Кто бы ни трогал эту пыль, стираю её я, своими руками. Вот, осматривая комнату, и ты ощупываешь все попадающиеся под руку предметы. Это что – твоя рука? Тогда почему же она не ожидает твоих приказов, и ты не замечаешь того, что делаешь? Потому, что видеть меня нельзя, как нельзя видеть солнце, вот ты и нащупываешь меня, блуждая по комнате вслепую, туда-сюда. Эти твои блуждания – всё та же размахнувшаяся за твои пределы внутренняя дрожь между тем и этим, тварь ты лихорадочно дрожащая между разумом и животным! Между петухом и Платоном, субъектом и объектом, я и самостью, мной и собой! Все они – одно: лихорадочный поиск меня, перемежающаяся лихорадка сыска, трясущая жалкие земные создания. Все они – слепые искания того не знаю чего, не зная, что оно всегда поблизости, тут, и посредством этих исканий обладает всеми созданиями. И что оно посредством всех своих созданий ищет самого себя, чтобы обладать собой. Что ж, ищи и ты, не зная, что уже обладаешь мною: я тебя давно сыскал сам. Твоей рукой я ищу себя, это моя рука, так что, щупая трогательную рухлядь чужой бабушки и свои родные вещицы, касайся-ка их понежнее. Трогая их – ты ласкаешь меня.

Я тут и тронут твоими ласками, и вроде все твои вещички на месте, но не торопись с выводами: ущерб как приём – ещё не отработал своё. Возможно, я и сам не без ущерба, так почему же не приобрести его и твоему злополучному рюкзачку? Вспомни, ущербы даны тебе с самого начала, глянь хотя бы на знакомый тебе, зияющий провал в световой лесенке. Сейчас лесенка ничуть не ярче, чем ночью, будто и не день за окном, и провал в ней – всё то же предупреждение о ловушке, которой не стоит пренебрегать. Вроде всё так же, да не совсем так. Может, самой лесенки и не коснулись искажения, но ведь они уже коснулись тебя. В конце концов, цель всех искажений – не то, что окружает тебя, а сама ты. Что бы они ни искажали, они даны тебе. И кто бы ни посмел поставить на тебя капкан тут, в твоей собственной норе, его поставил я. Ибо кроме меня – тут никого.

Ты-то сама уже полна ущербов, тебе почти нечего уже терять, и потому действуй дальше: храбро ступай в угрожающий пролом, наступи на выломанную в световой лесенке ступеньку. Не бойся, я поддержу тебя под локоток, старушка, если что. И я же подтолкну тебя в пропасть – если что другое. Пройди-ка к корыту, вытащи из-под него рюкзачок. Поройся в нём... Нет, этому событию уже давно подобрано соответствующее имя: пошмонай. Но прежде – сразу трижды, не проверяя, сработает ли бра с первого раза, потяни-ка за верёвочку, дочка.

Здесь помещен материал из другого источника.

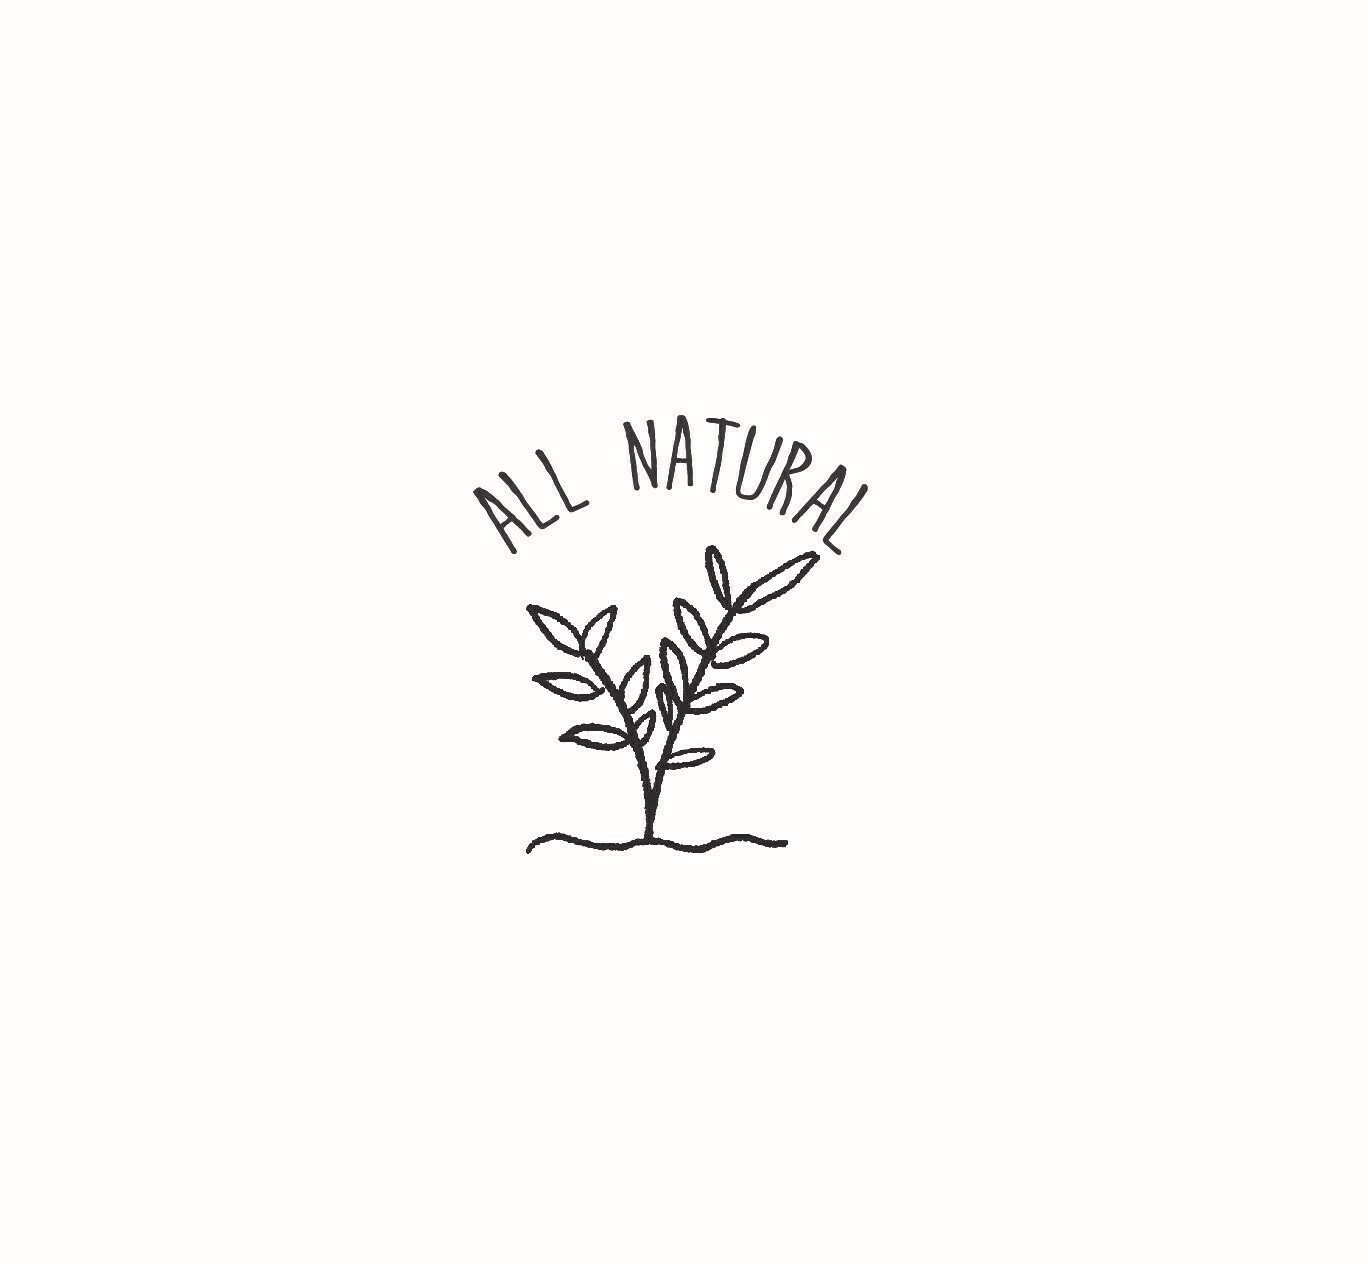 "All Natural" Rubber Stamp
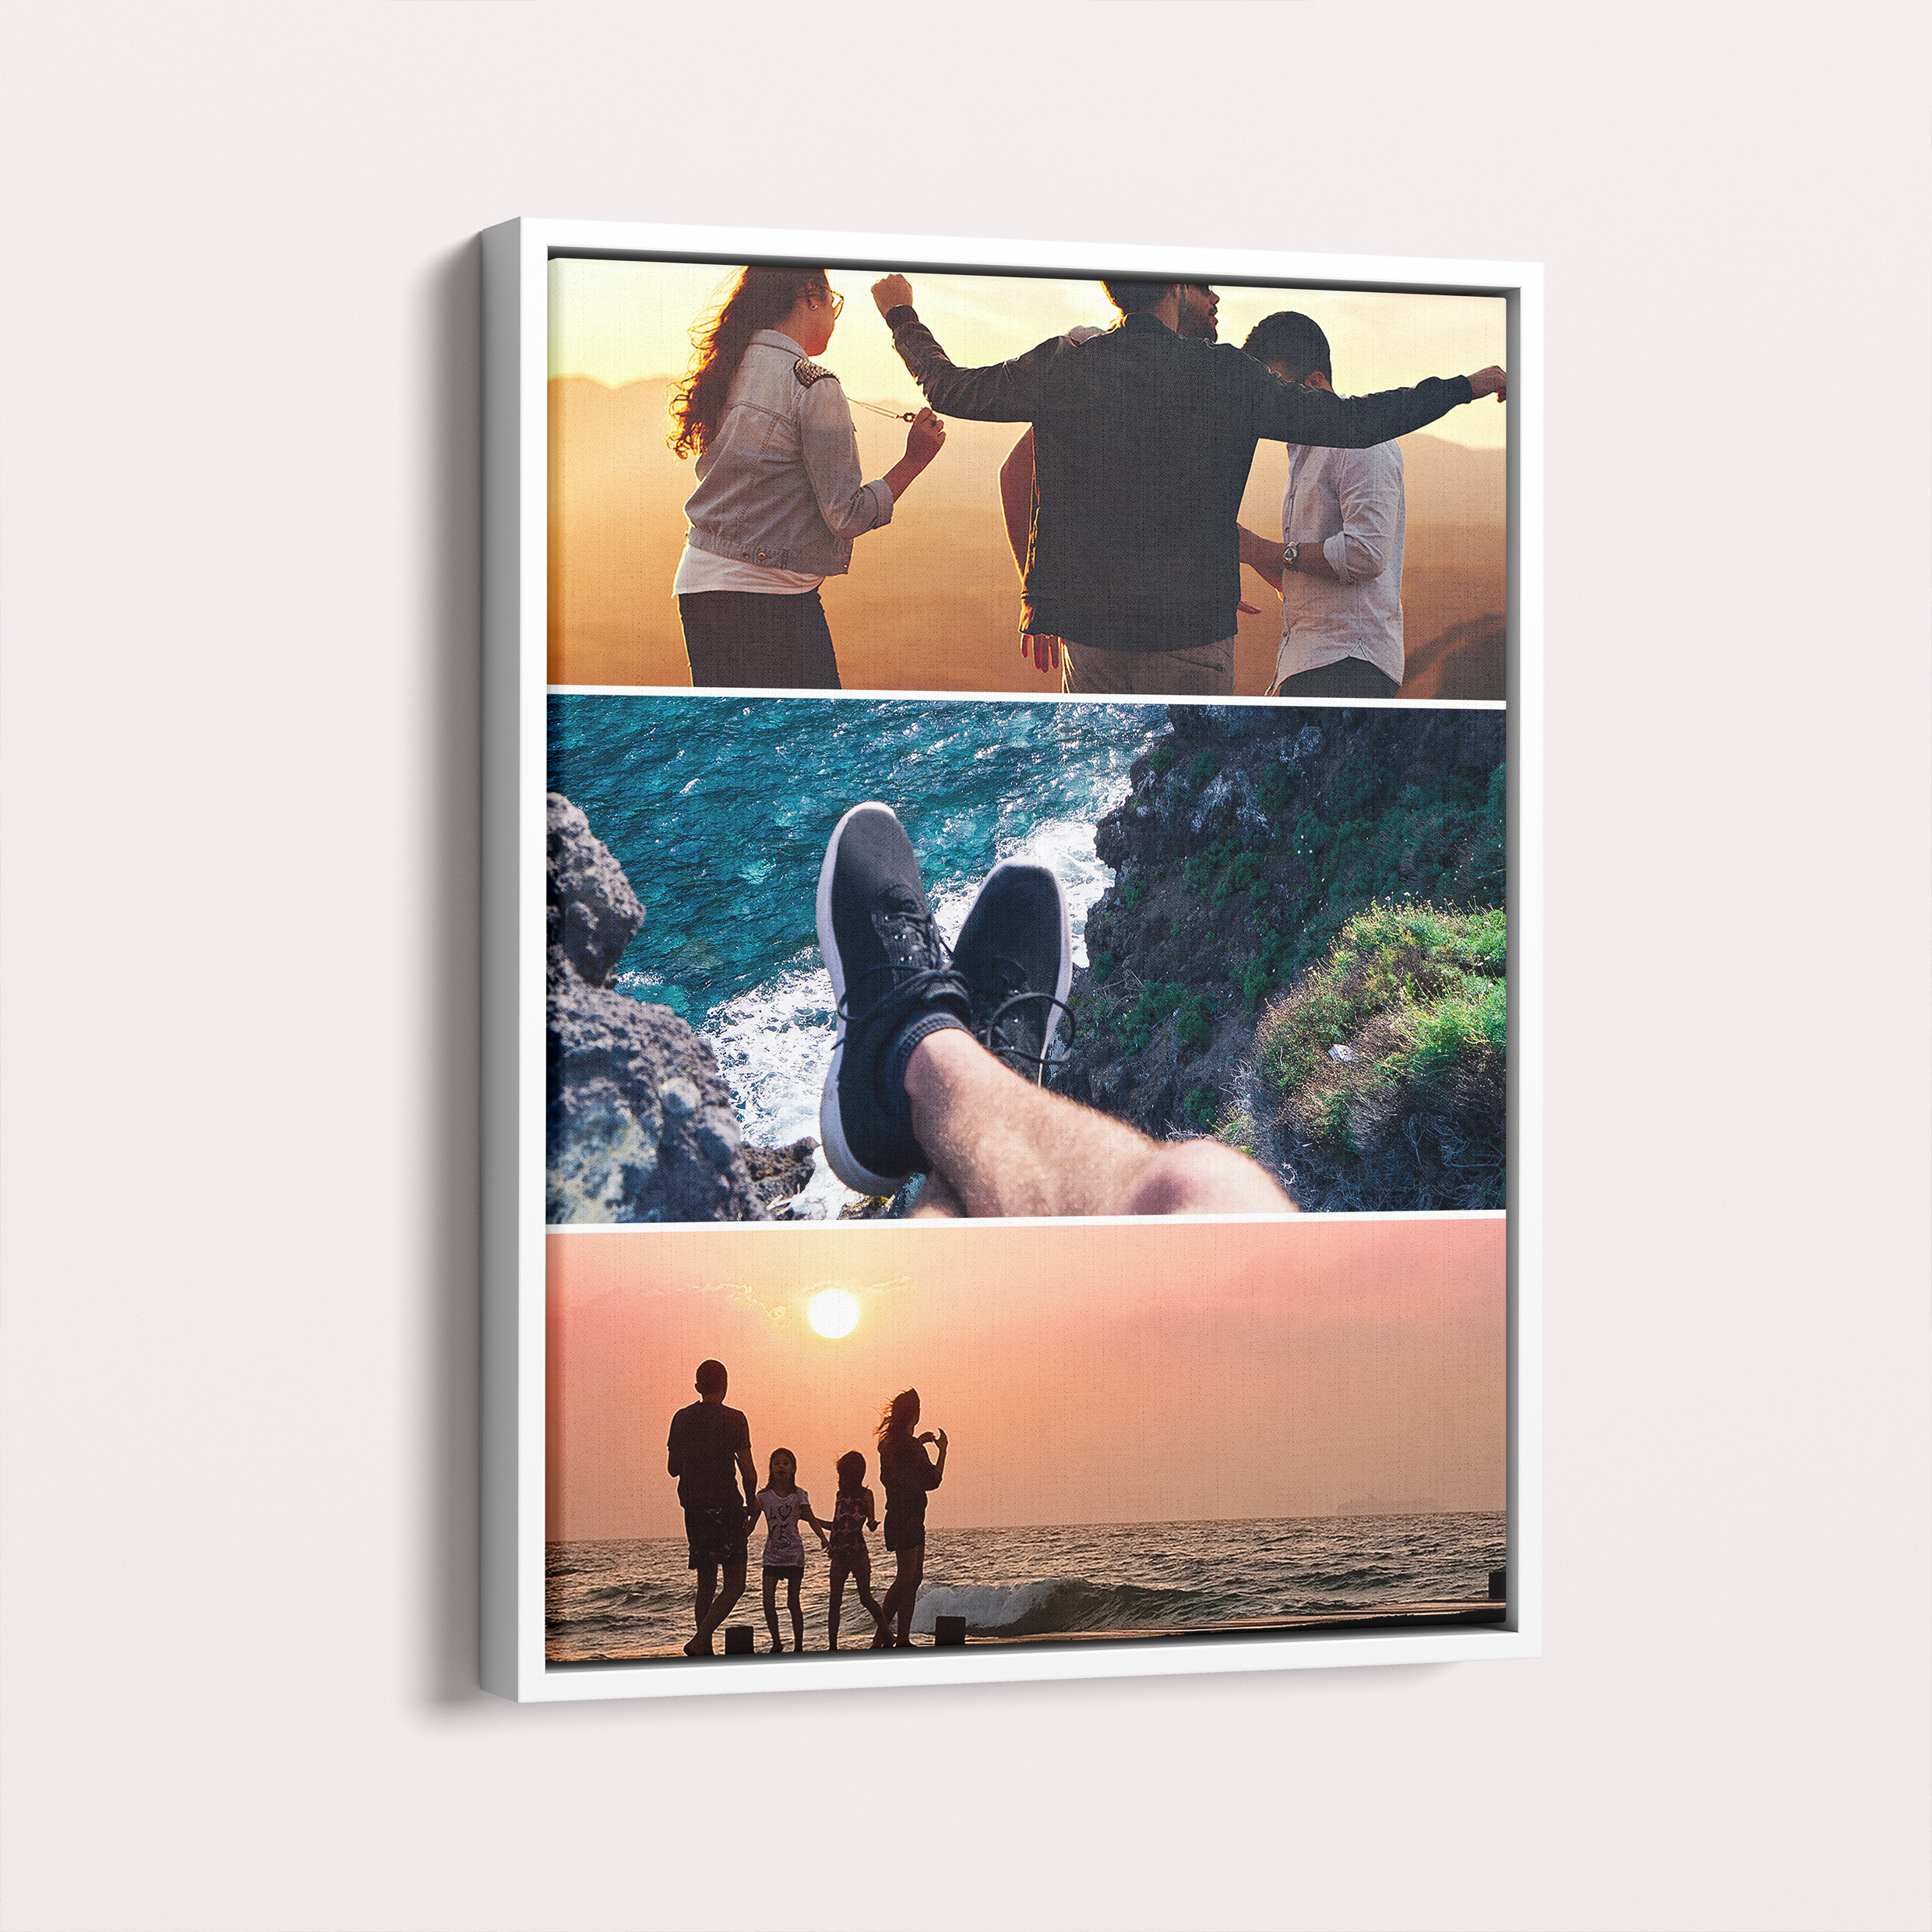 Unforgettable Holiday Framed Photo Canvases - Personalized Memories Display

Хватит болтать, давай, действуй. Свидетелей нет, есть сообщник. Мы делаем общее дело, я для этого и встал позади тебя, жизнь моя, пристроился к тебе сзади, сжимая ладонями твой круп. Ты вся содрогаешься, и в чреве твоём опускается, и приваливается к лонной кости знакомая тяжесть. Но ты опять ошибаешься, если ожидаешь насилия снаружи. Надо слушать разумные подсказки: всё, что ты интерпретируешь как желание самцов изнасиловать тебя – твоё собственное желание. Тебе советовали верно, ещё бы: все советы рождаются на небесах, так и этот. Ты, имаго, уже достаточно взрослая, и дальше стремительно стареющая личинка моли, и я, червь, заполняющий твоё чрево, мы – одно и то же, и это наше совместное содрогание. Мы не нуждаемся ни в ком: ты – в мужчине, я – в женщине. Мы заключаем и то, и другое, в одном нашем теле, в себе.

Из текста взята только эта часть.